While Daisy tries to identify the root of her dissatisfaction, she’s also receiving misdirected emails meant for a woman named Diana Starling, whose email address is just one punctuation mark away from her own. While Daisy’s driving carpools, Diana is chairing meetings. While Daisy’s making dinner, Diana’s making plans to reorganize corporations. Diana’s glamorous, sophisticated, single-lady life is miles away from Daisy’s simpler existence. When an apology leads to an invitation, the two women meet and become friends. But, as they get closer, we learn that their connection was not completely accidental. Who IS this other woman, and what does she want with Daisy?

From the manicured Main Line of Philadelphia to the wild landscape of the Outer Cape, written with Jennifer Weiner’s signature wit and sharp observations, That Summer is a story about surviving our pasts, confronting our futures, and the sustaining bonds of friendship.

You can order the book on Amazon here.


That Summer Job by Lizzy Dent (May 18)

If you’re looking for something lighter, That Summer Job by Lizzy Dent should fit the bill. This story follows a woman who pretends to be her best friend for a summer (!) but through that big lie, she might actually end up finding herself and much more. Here’s the full synopsis:

Birdy has made a mistake. Everyone imagines running away from their life at some point. But Birdy has actually done it. And the life she’s run into is her best friend Heather’s. The only problem is, she hasn’t told Heather. 
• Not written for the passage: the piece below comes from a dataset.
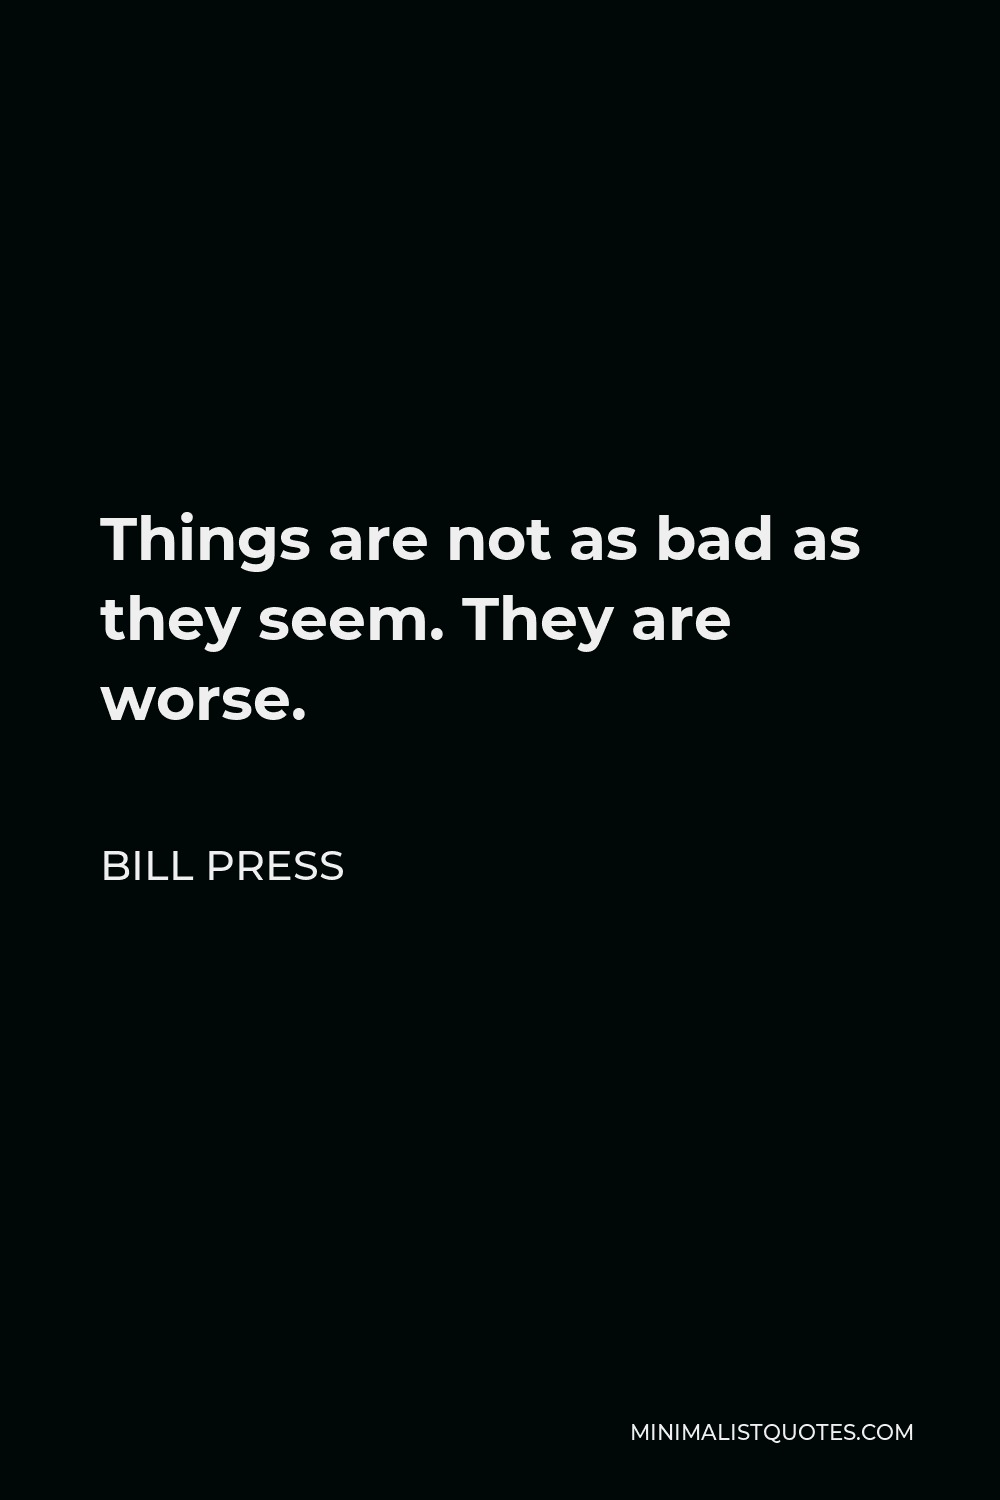 Bill Press Quote - Things are not as bad as they seem. They are worse.
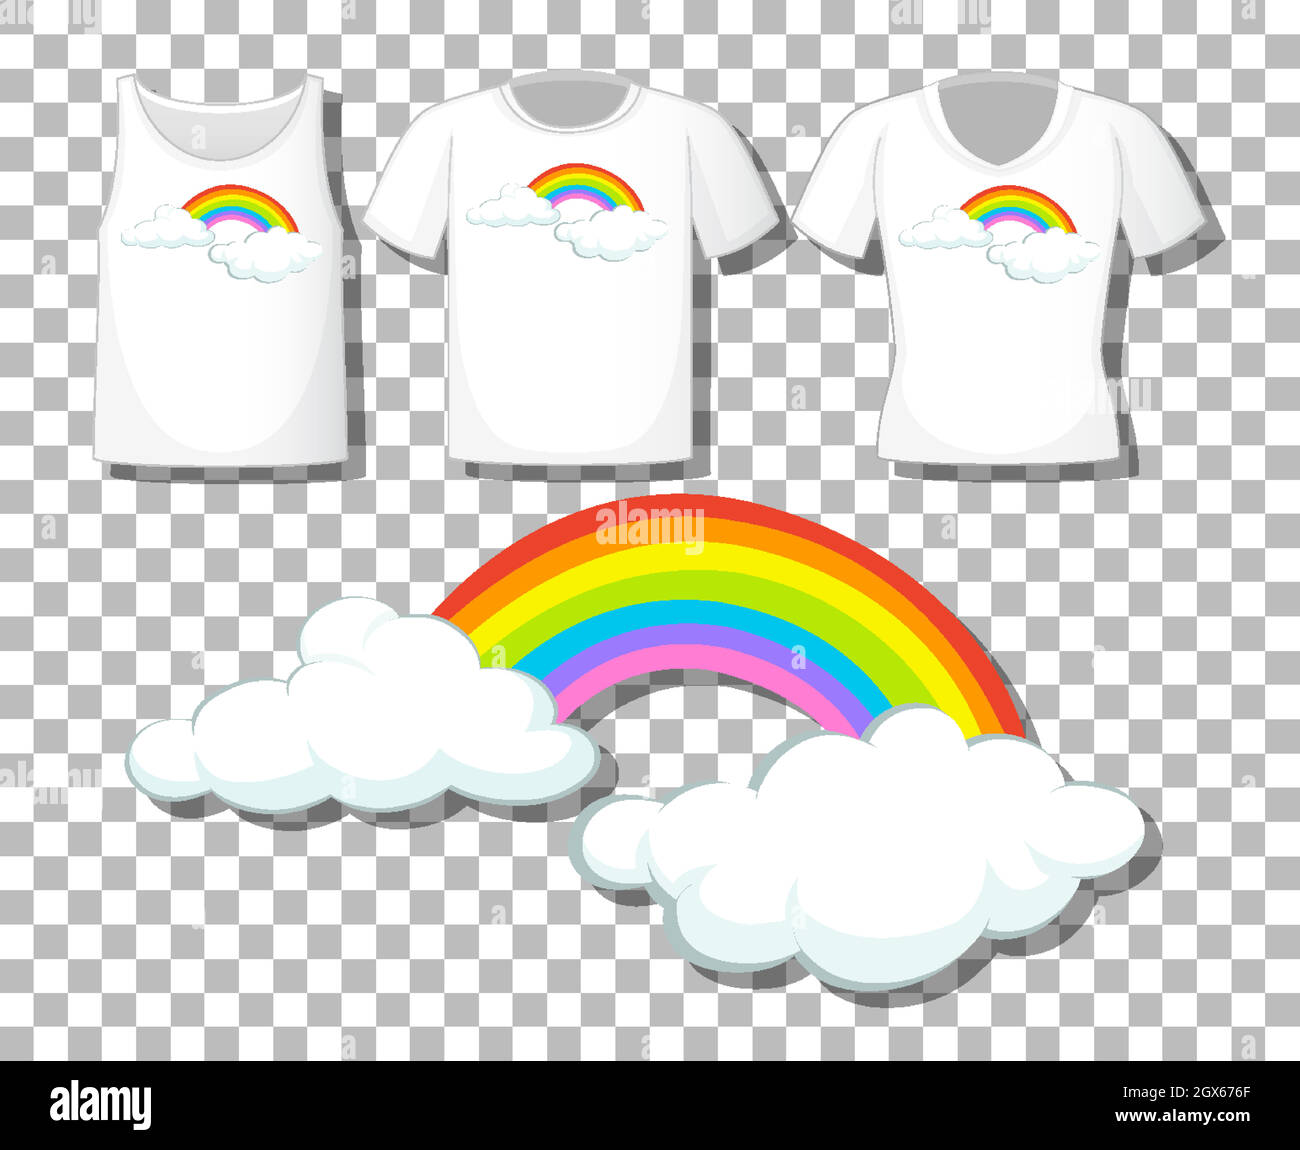 Rainbow with set of different shirts isolated on transparent background Stock Vector

The summer job at the highland Scottish hotel that her world class wine-expert friend ditched turns out to be a lot more than Birdy bargained for. Can she survive a summer pretending to be her best friend? And can Birdy stop herself from falling for the first man she’s ever actually liked, but who thinks she’s someone else?

One good friend’s very bad decision is at the heart of this laugh-out-loud love story and unexpected tale of a woman finally finding herself in the strangest of places.

You can order the book on Amazon here.

Happy reading!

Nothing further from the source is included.